[[ Input data open ]]

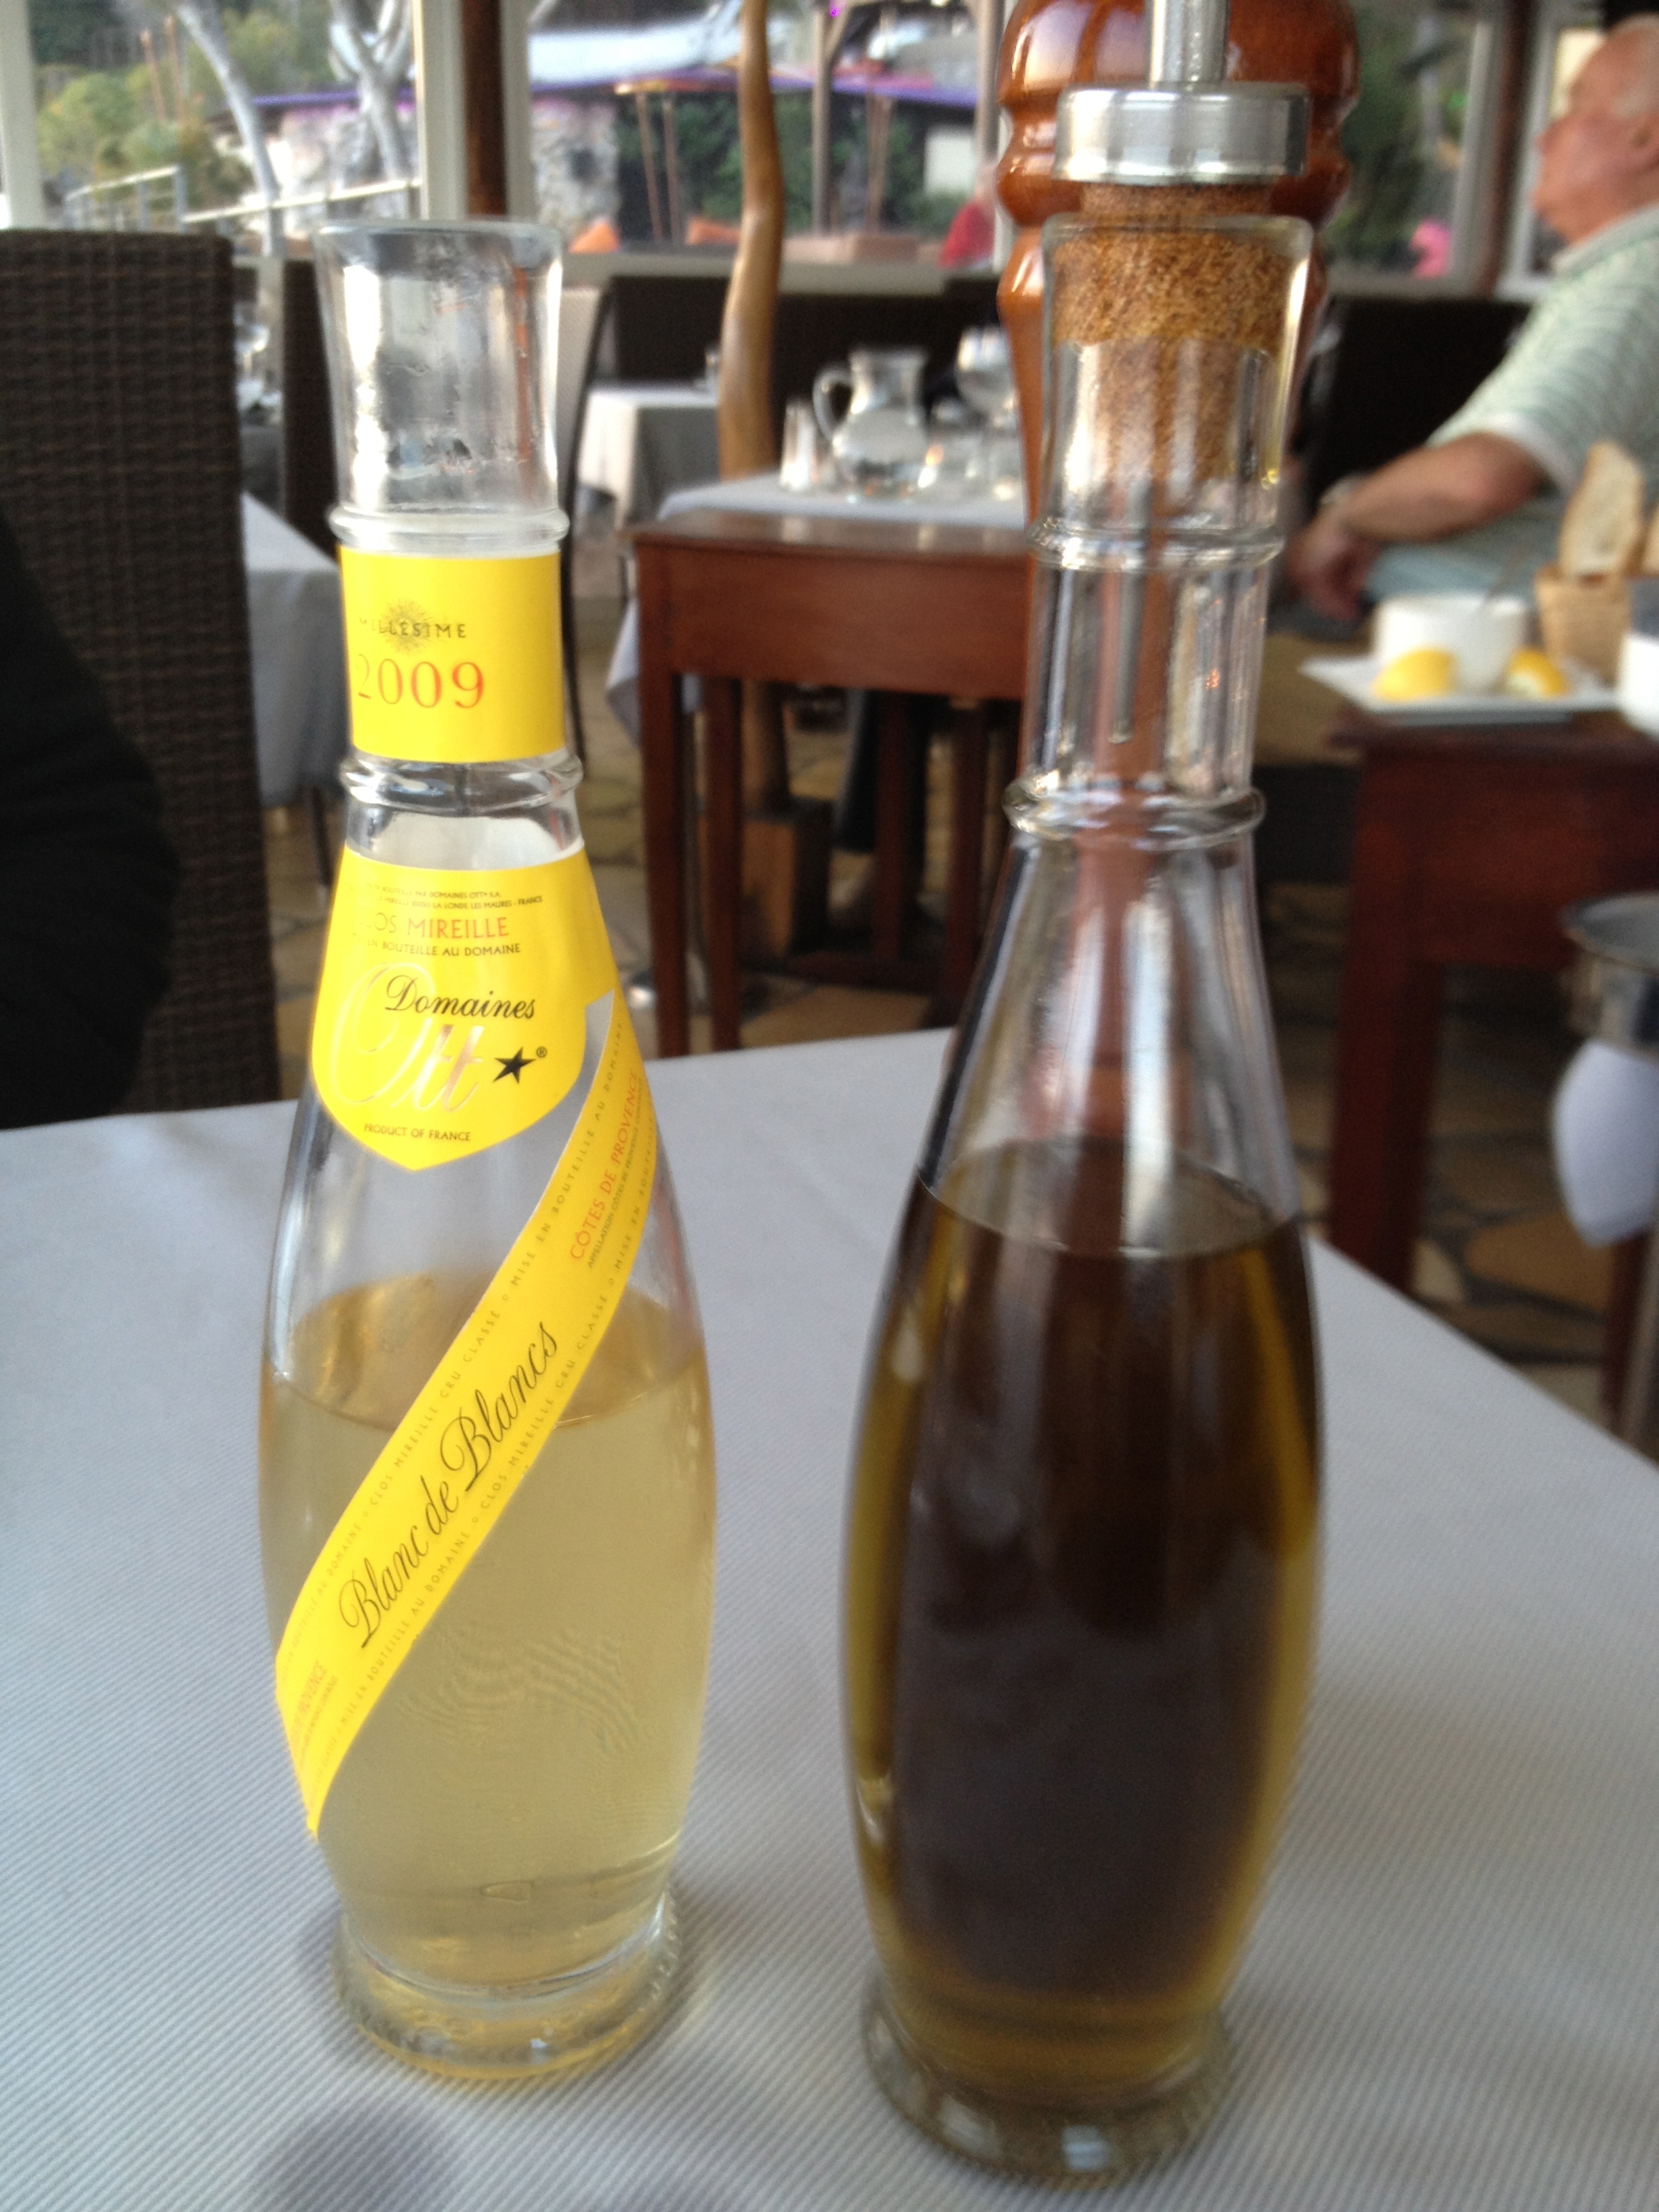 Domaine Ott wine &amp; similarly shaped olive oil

[[ Input data closed ]]
[[ Input data open ]]

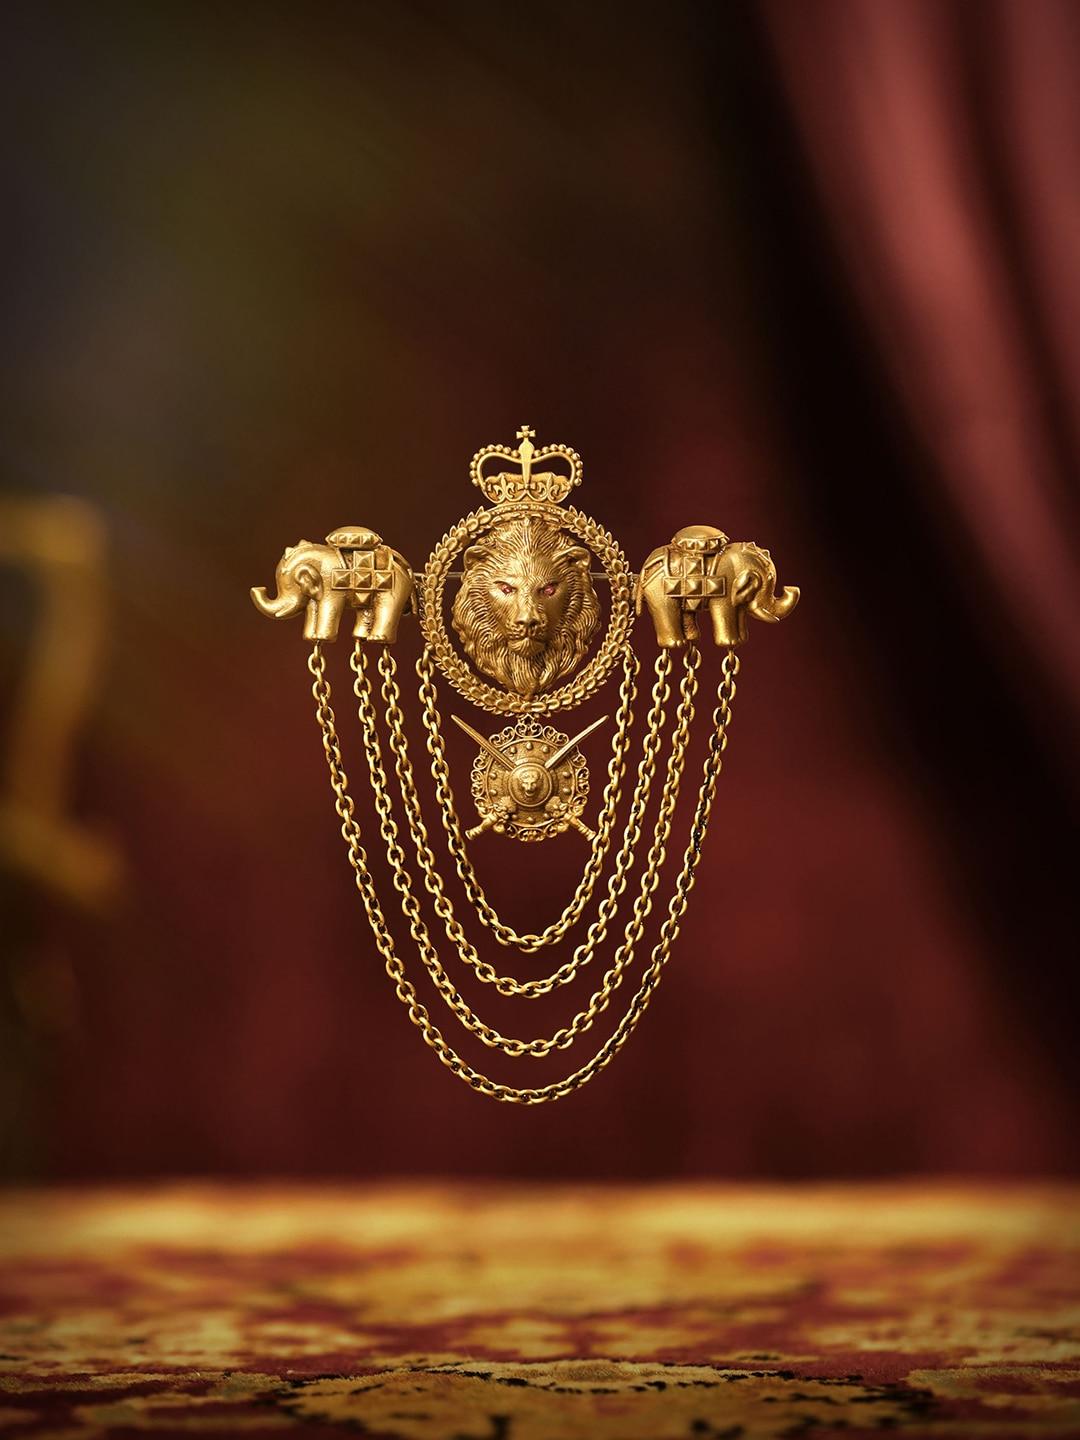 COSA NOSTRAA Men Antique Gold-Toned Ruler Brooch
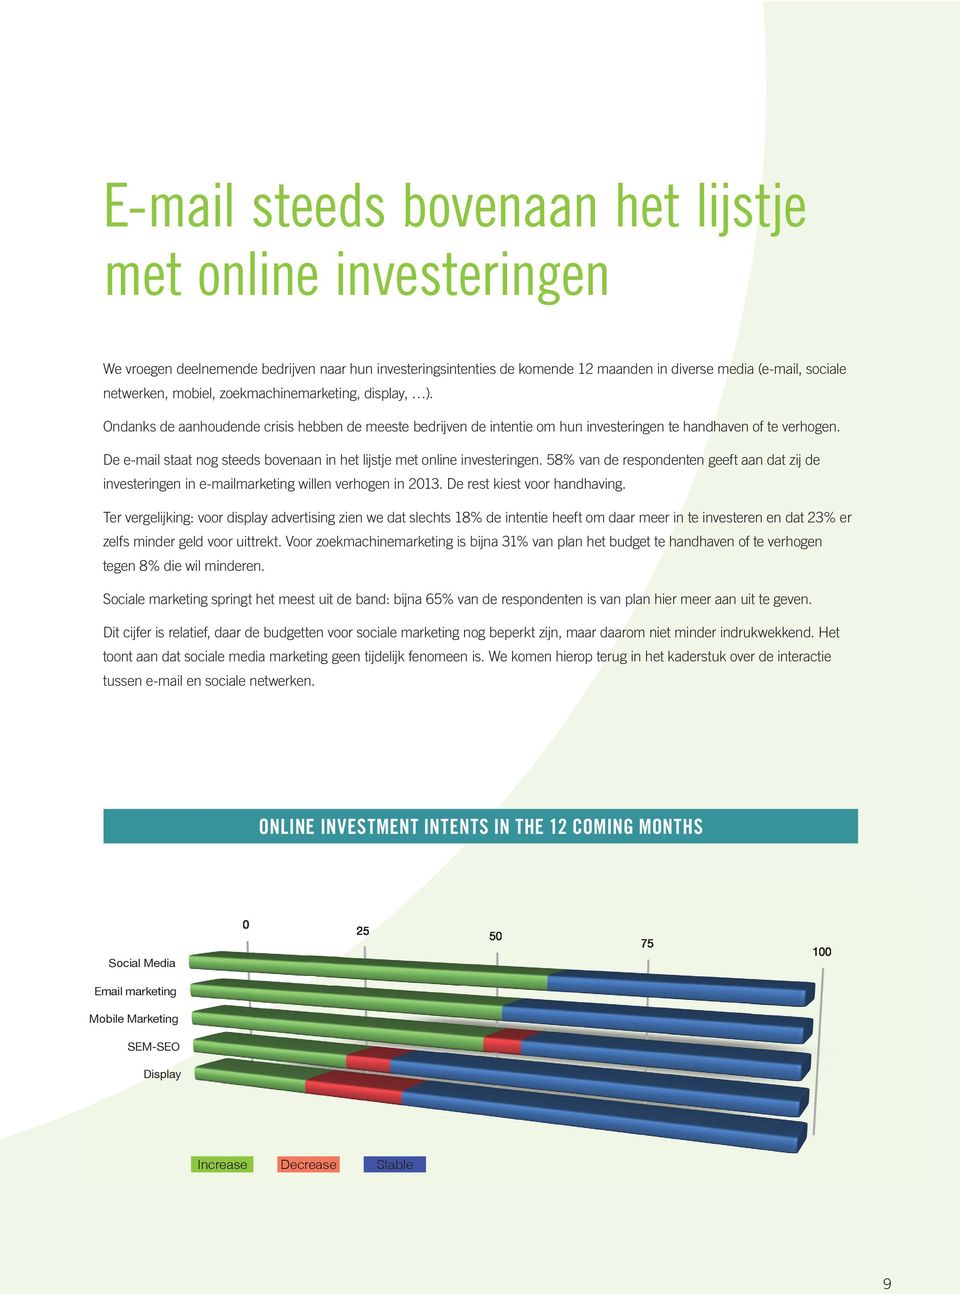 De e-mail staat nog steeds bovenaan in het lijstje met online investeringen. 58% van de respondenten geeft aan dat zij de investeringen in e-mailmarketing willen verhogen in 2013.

[[ Input data closed ]]

What the task requires.
Transcribe, word for word, the stretch of lines in the data above from the one with "COSA NOSTRAA Men" through the one with "De e-mail staat"; omit all pictures.

Task result.
 COSA NOSTRAA Men Antique Gold-Toned Ruler Brooch
 De e-mail staat nog steeds bovenaan in het lijstje met online investeringen. 58% van de respondenten geeft aan dat zij de investeringen in e-mailmarketing willen verhogen in 2013.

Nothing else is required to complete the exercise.